#### TASK GOAL:
Take the line that contains "The Career Services" and each one after it through the last line below, and retype them exactly. Leave out the pictures.

#### SUPPLIED DATA:

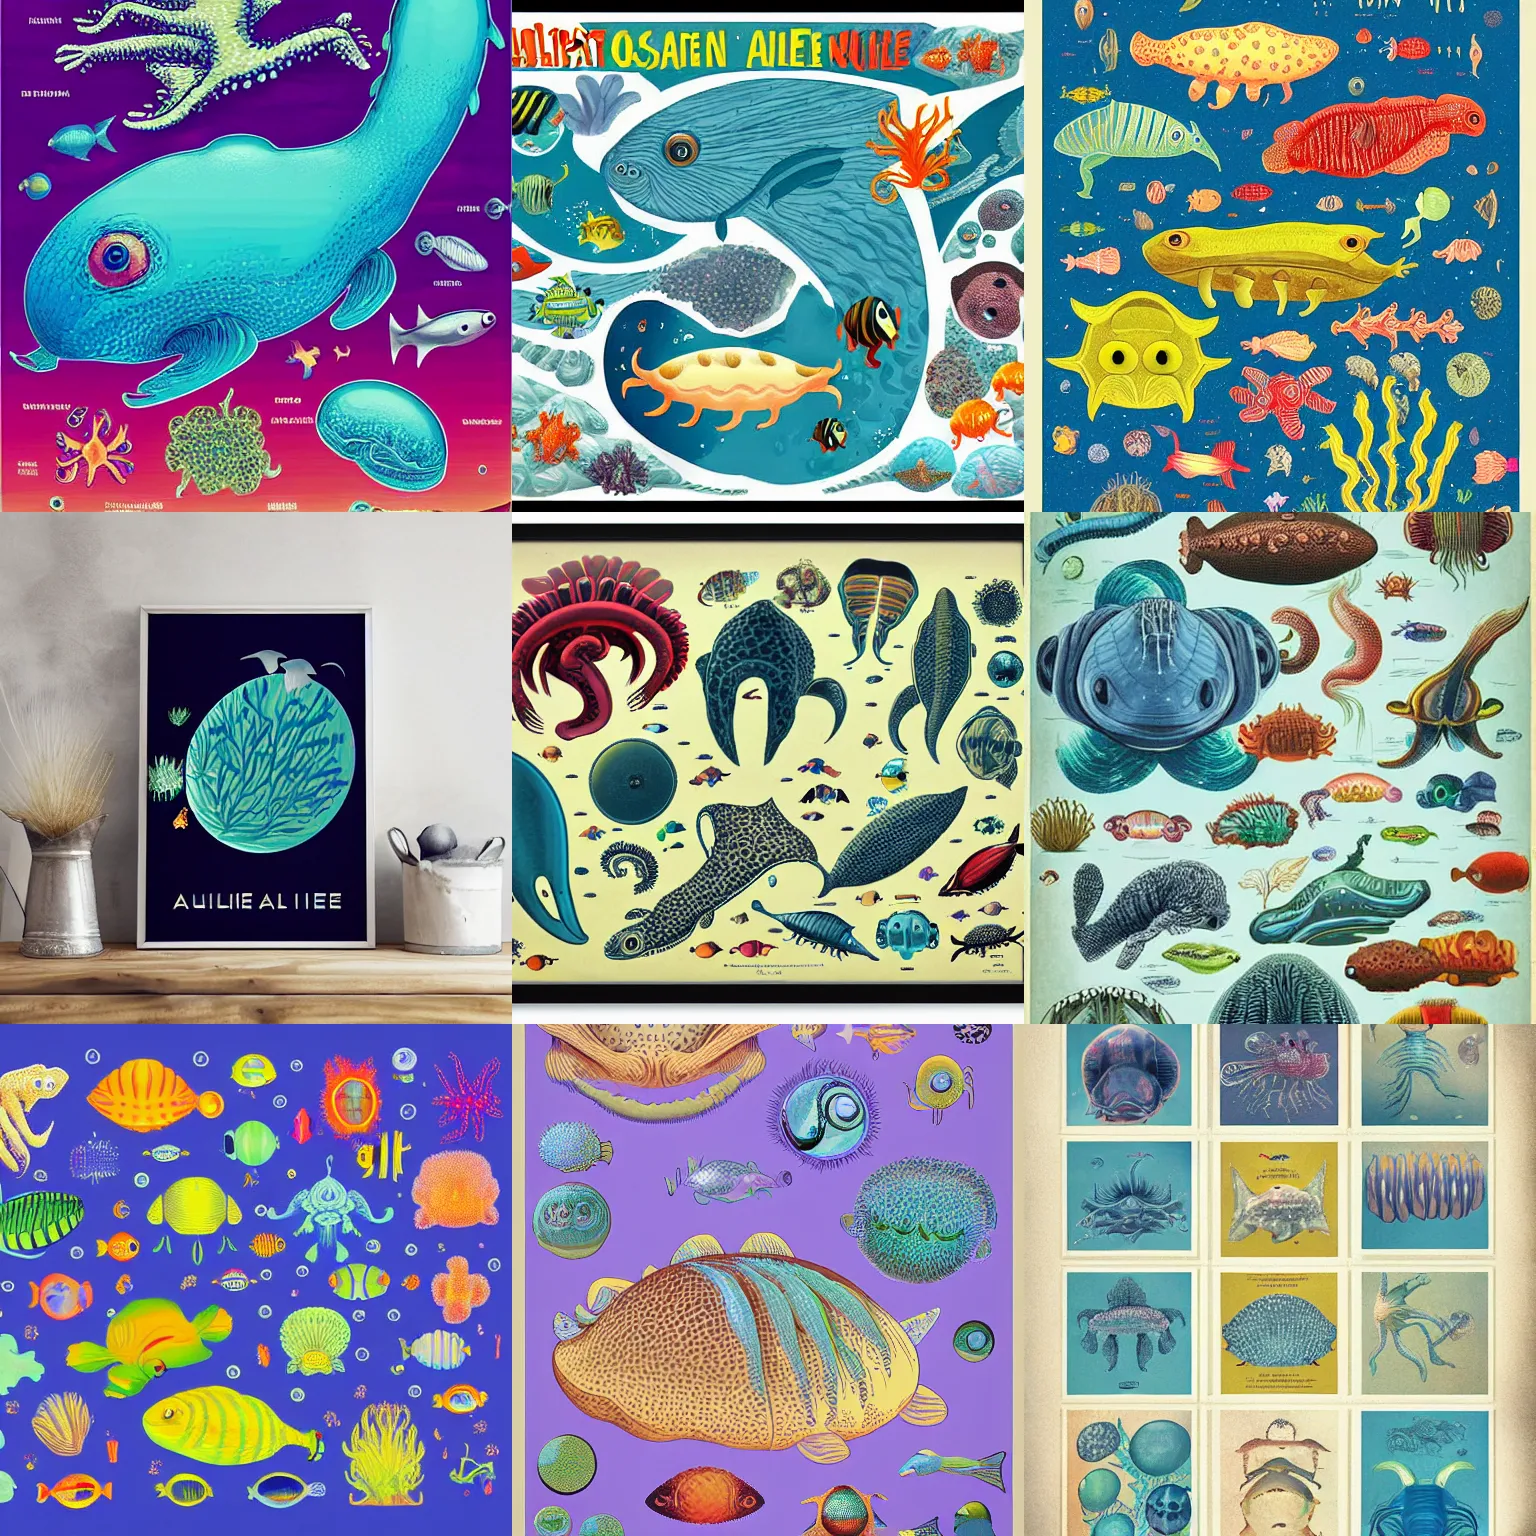 Prompt: poster with illustrations of alien aquatic life forms
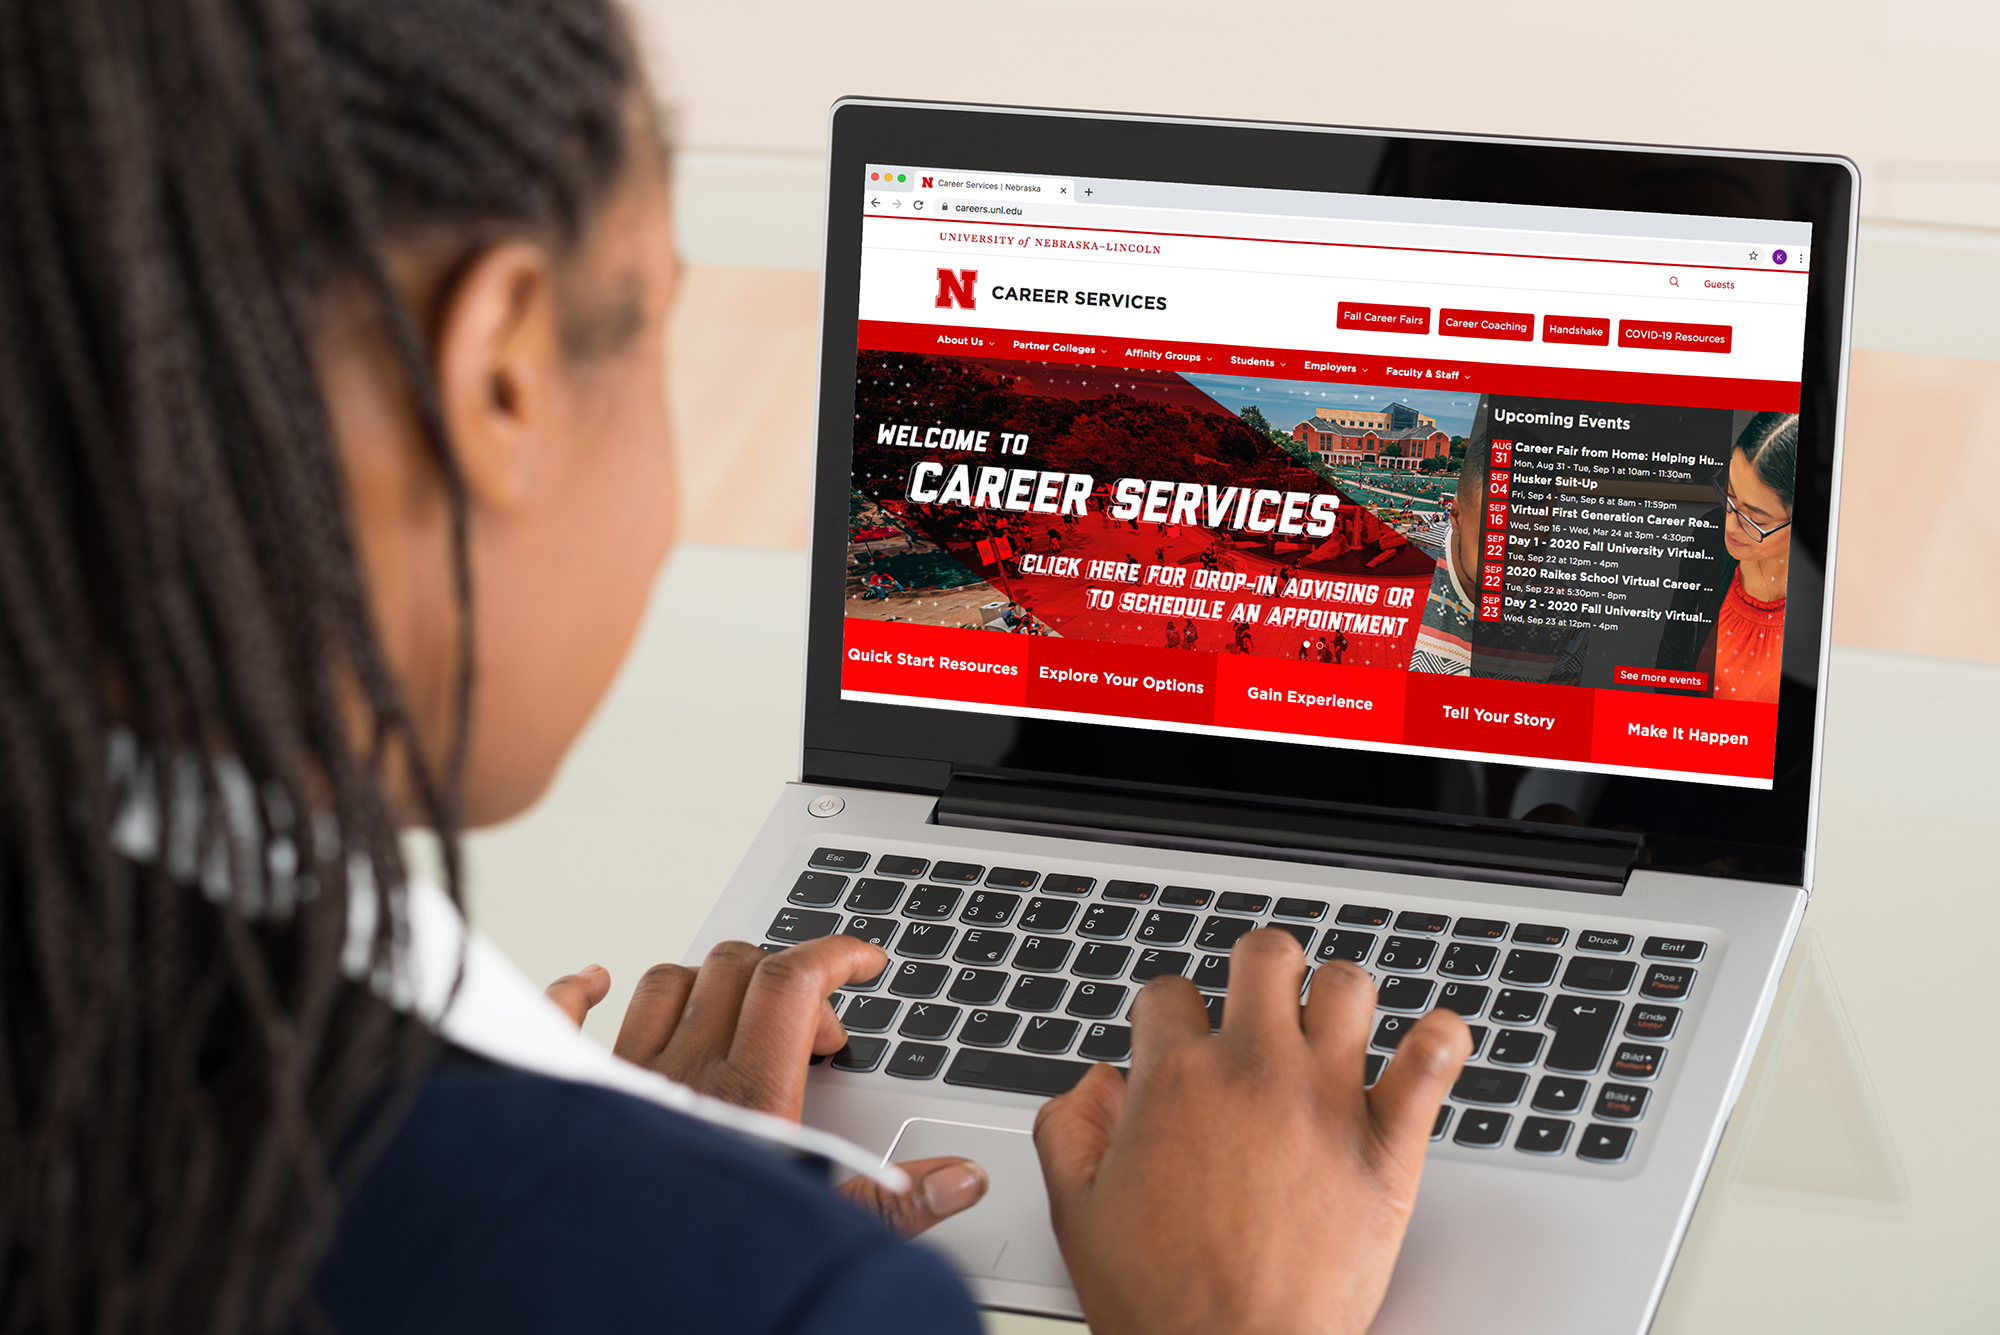 The Career Services website provides resources and career-related activities for students, faculty, and staff.
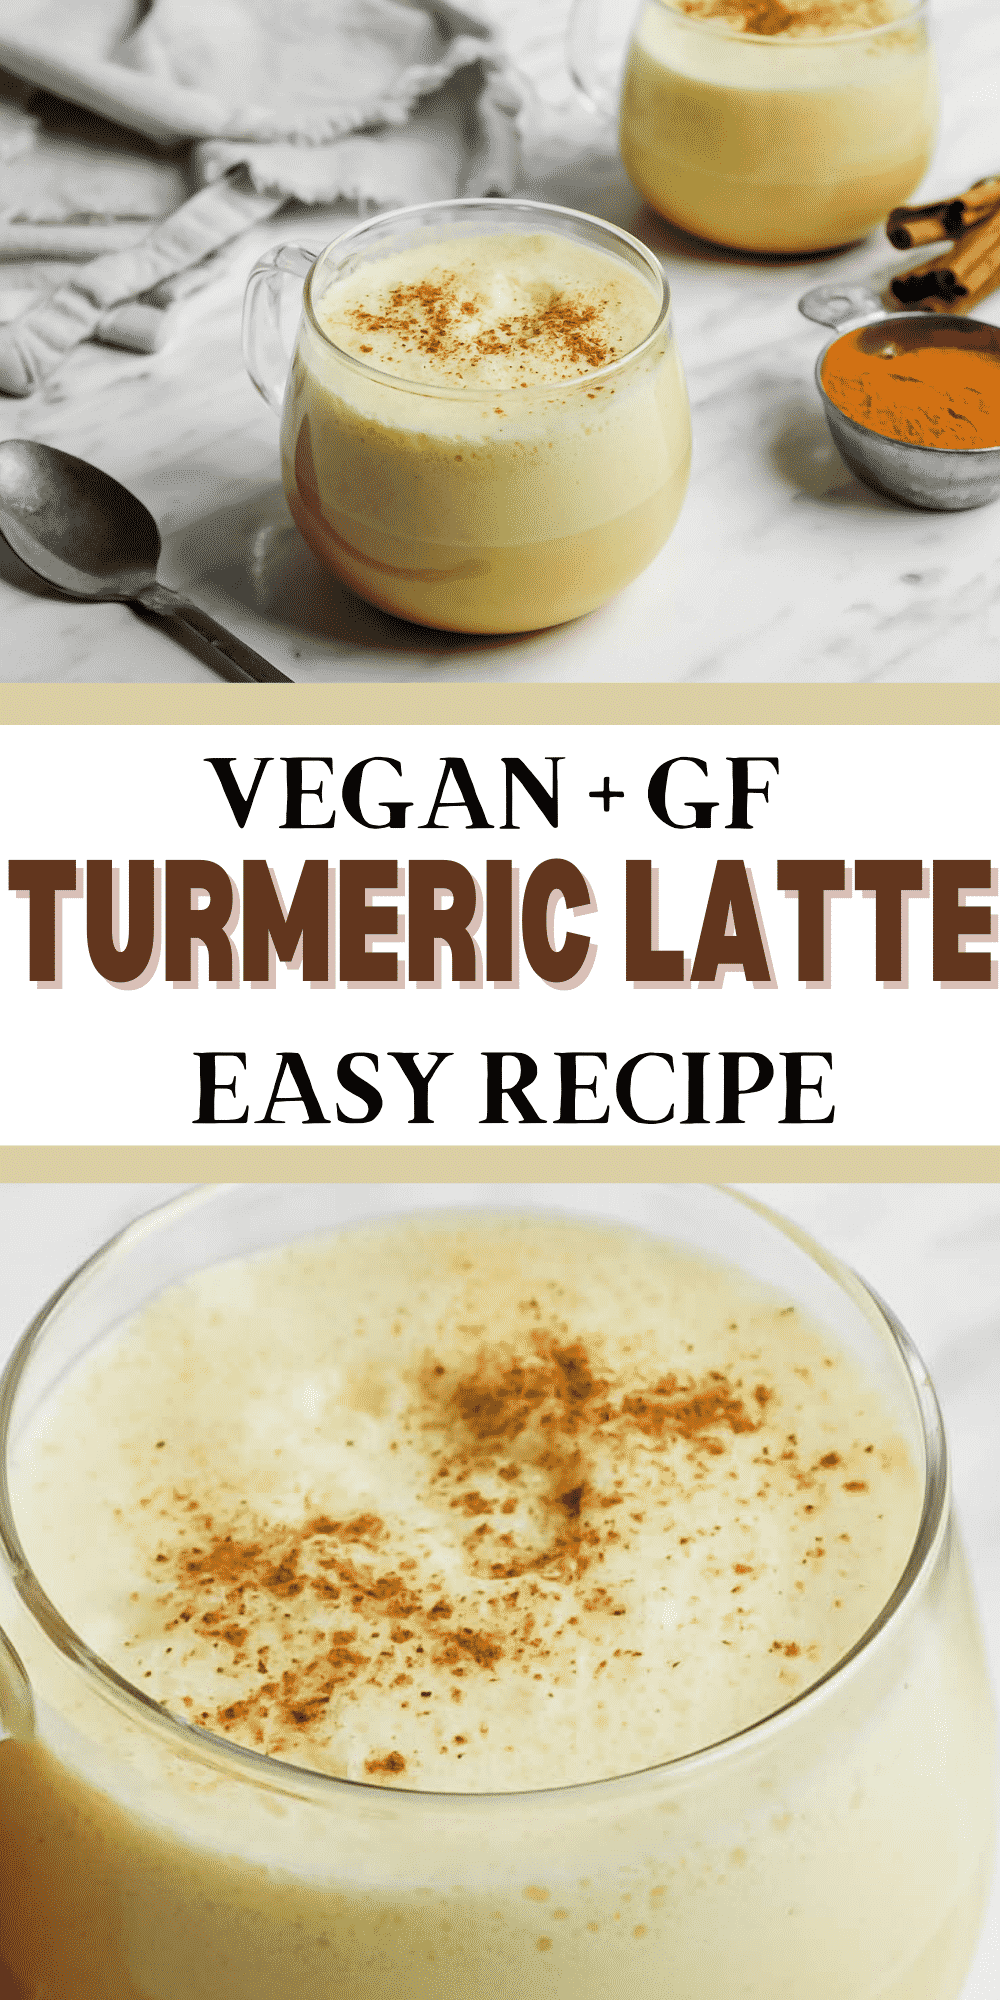 Pinterest pinnable pin for Turmeric lattes. Has two pictures of pale yellow foamy drink in clear mugs with text overlay saying: Vegan and GF Tumeric Latte easy recipe

#### RESULT:
 The Career Services website provides resources and career-related activities for students, faculty, and staff.
 Pinterest pinnable pin for Turmeric lattes. Has two pictures of pale yellow foamy drink in clear mugs with text overlay saying: Vegan and GF Tumeric Latte easy recipe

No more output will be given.